◆ How to complete this task:
Below are entries to be transcribed exactly; exclude the pictures from the copy.
- Opening Delimiter -
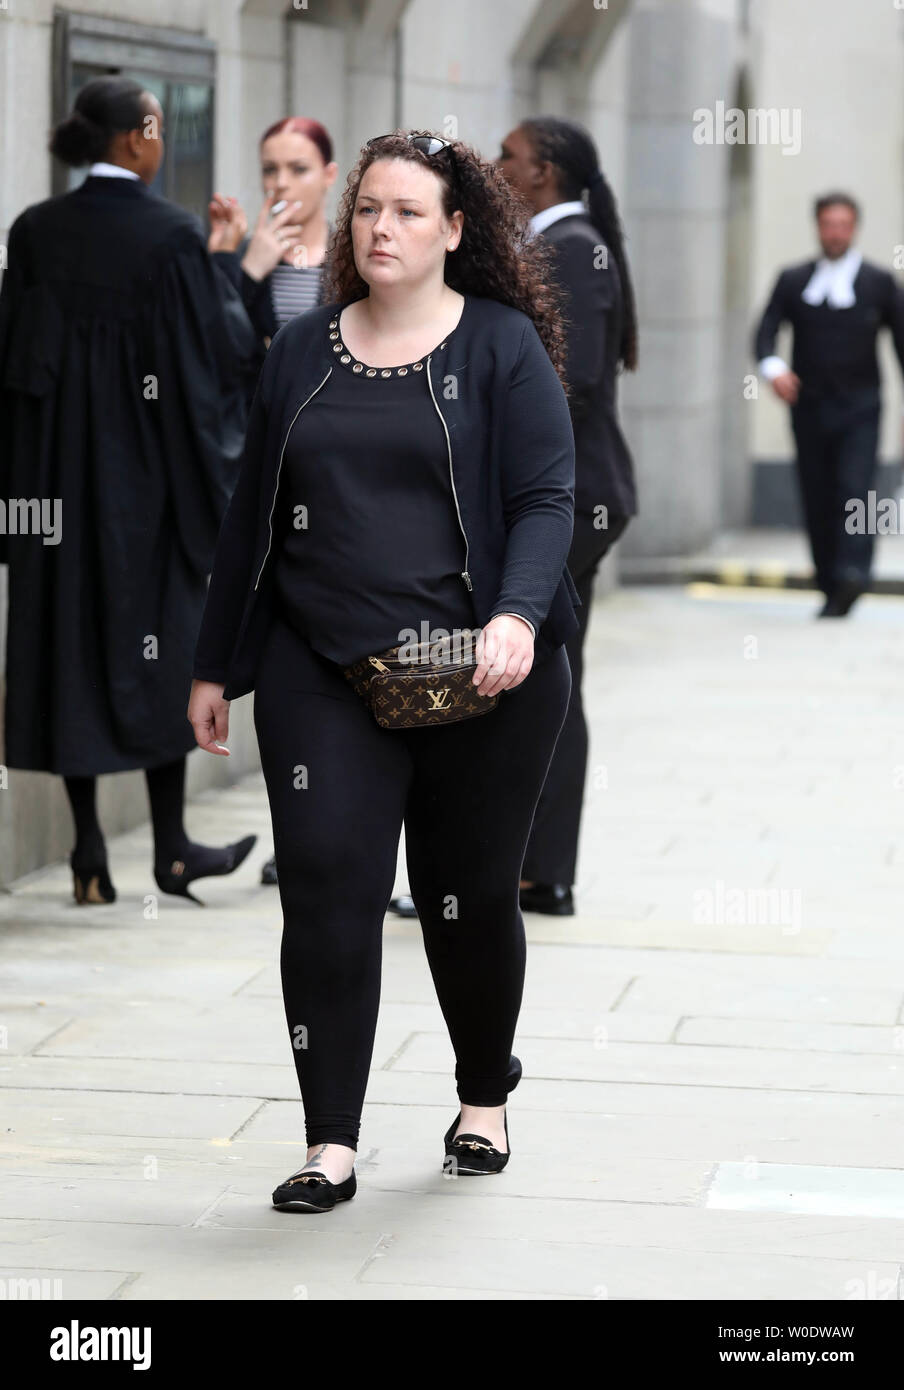 Pic shows: Chelsea Mitchell at the Old Bailey  for her trial in the case of Lee Pomeroy murder.     pic by Gavin Rodgers/Pixel8000 26.6.19 Stock Photo
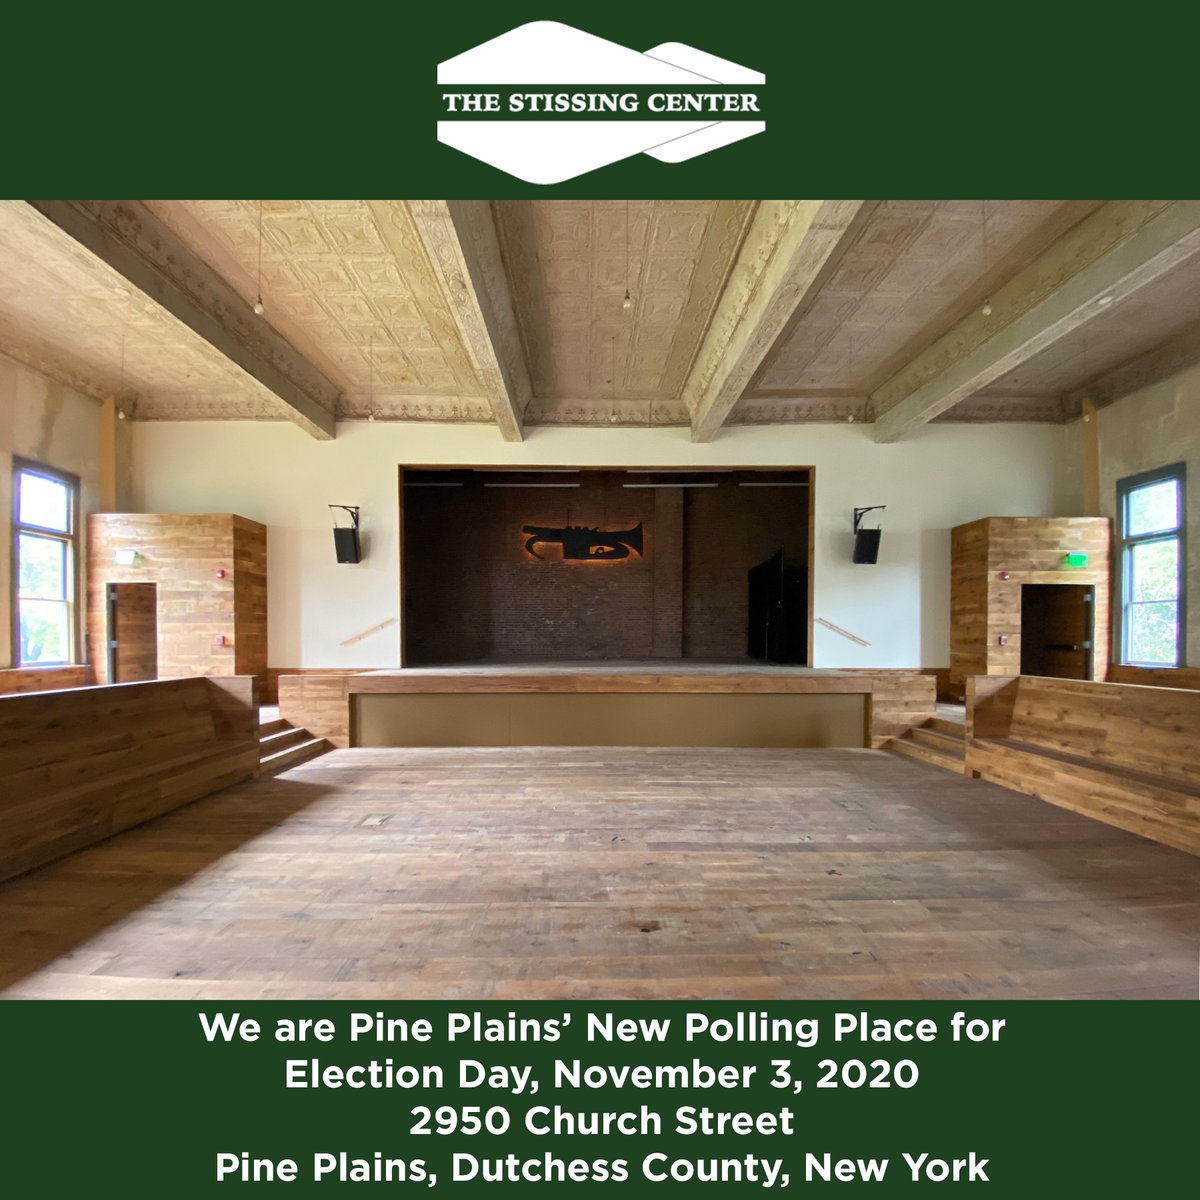 PINE PLAINS - VOTE HERE. 

The Stissing Center is Pine Plains' polling location for Election Day, November 3. It's moved from the smaller Town Hall to The Stissing Center. 

2950 Church St., Pine Plains, Dutchess County, New York
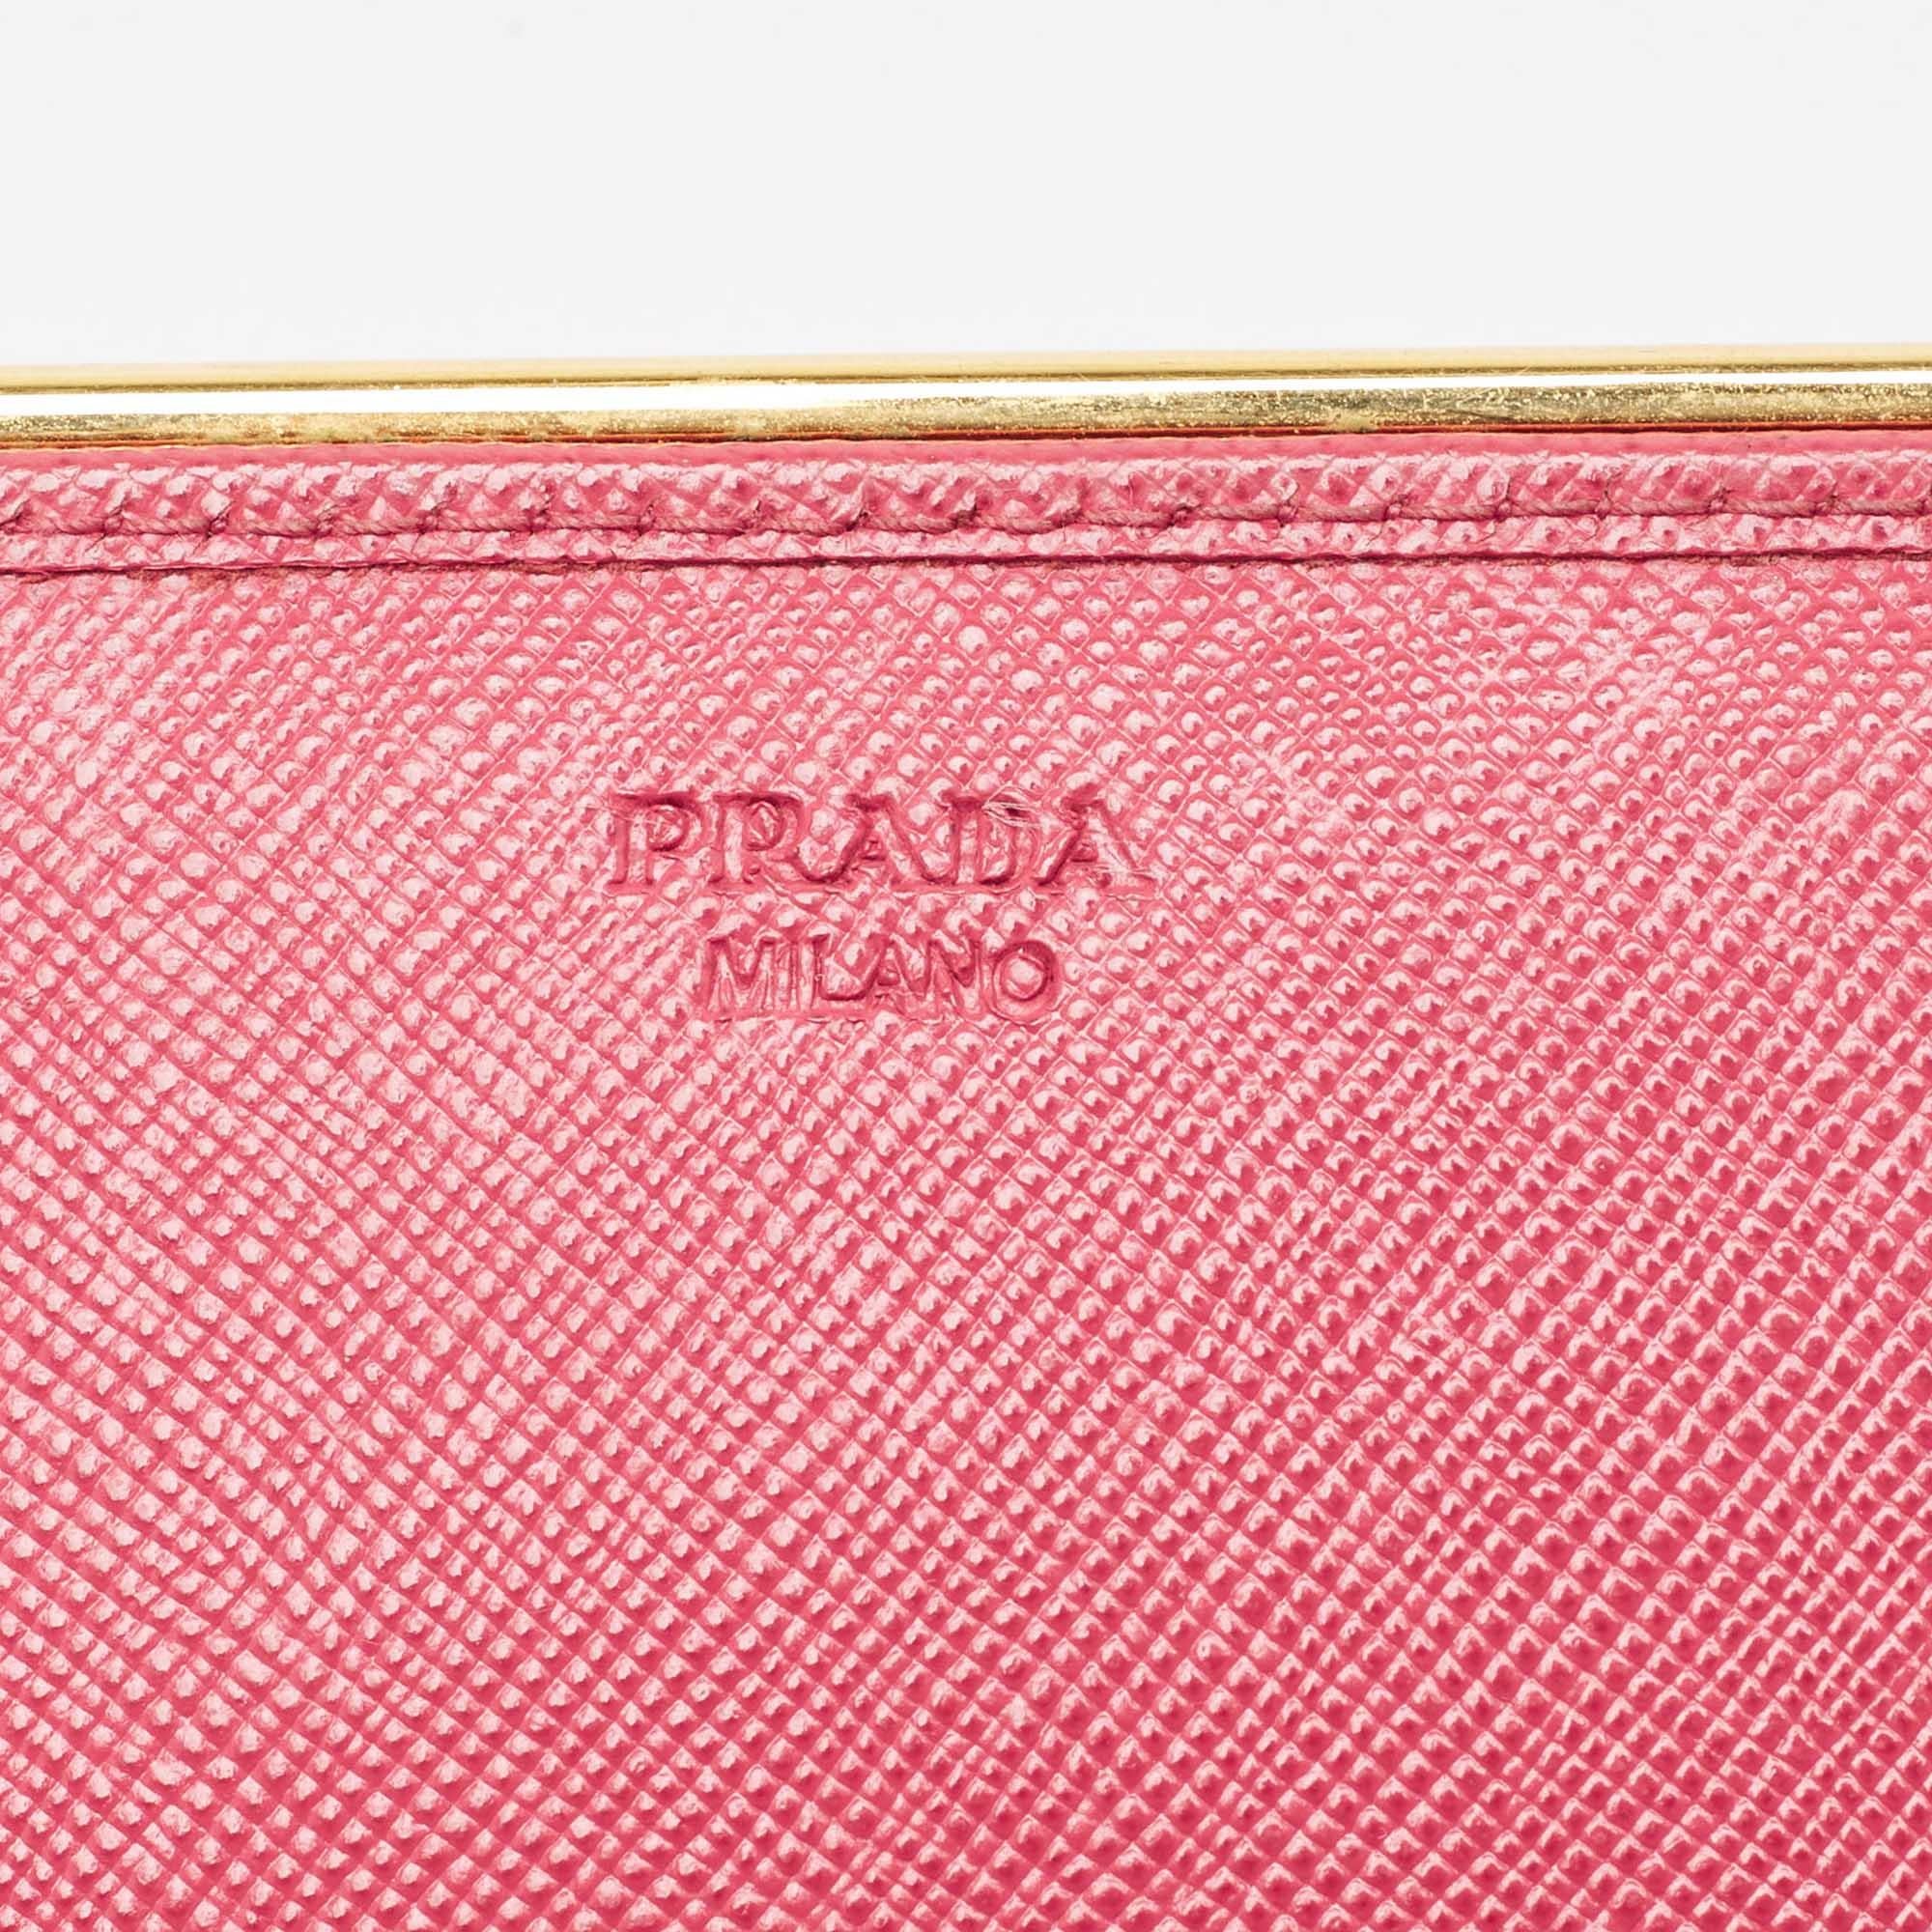 Prada Pink Saffiano Leather Metal Detail Continental Wallet For Sale 7
- Closing Delimiter -
◆ The answer:
 Pic shows: Chelsea Mitchell at the Old Bailey  for her trial in the case of Lee Pomeroy murder.     pic by Gavin Rodgers/Pixel8000 26.6.19 Stock Photo
 PINE PLAINS - VOTE HERE. 

The Stissing Center is Pine Plains' polling location for Election Day, November 3. It's moved from the smaller Town Hall to The Stissing Center. 

2950 Church St., Pine Plains, Dutchess County, New York
 Prada Pink Saffiano Leather Metal Detail Continental Wallet For Sale 7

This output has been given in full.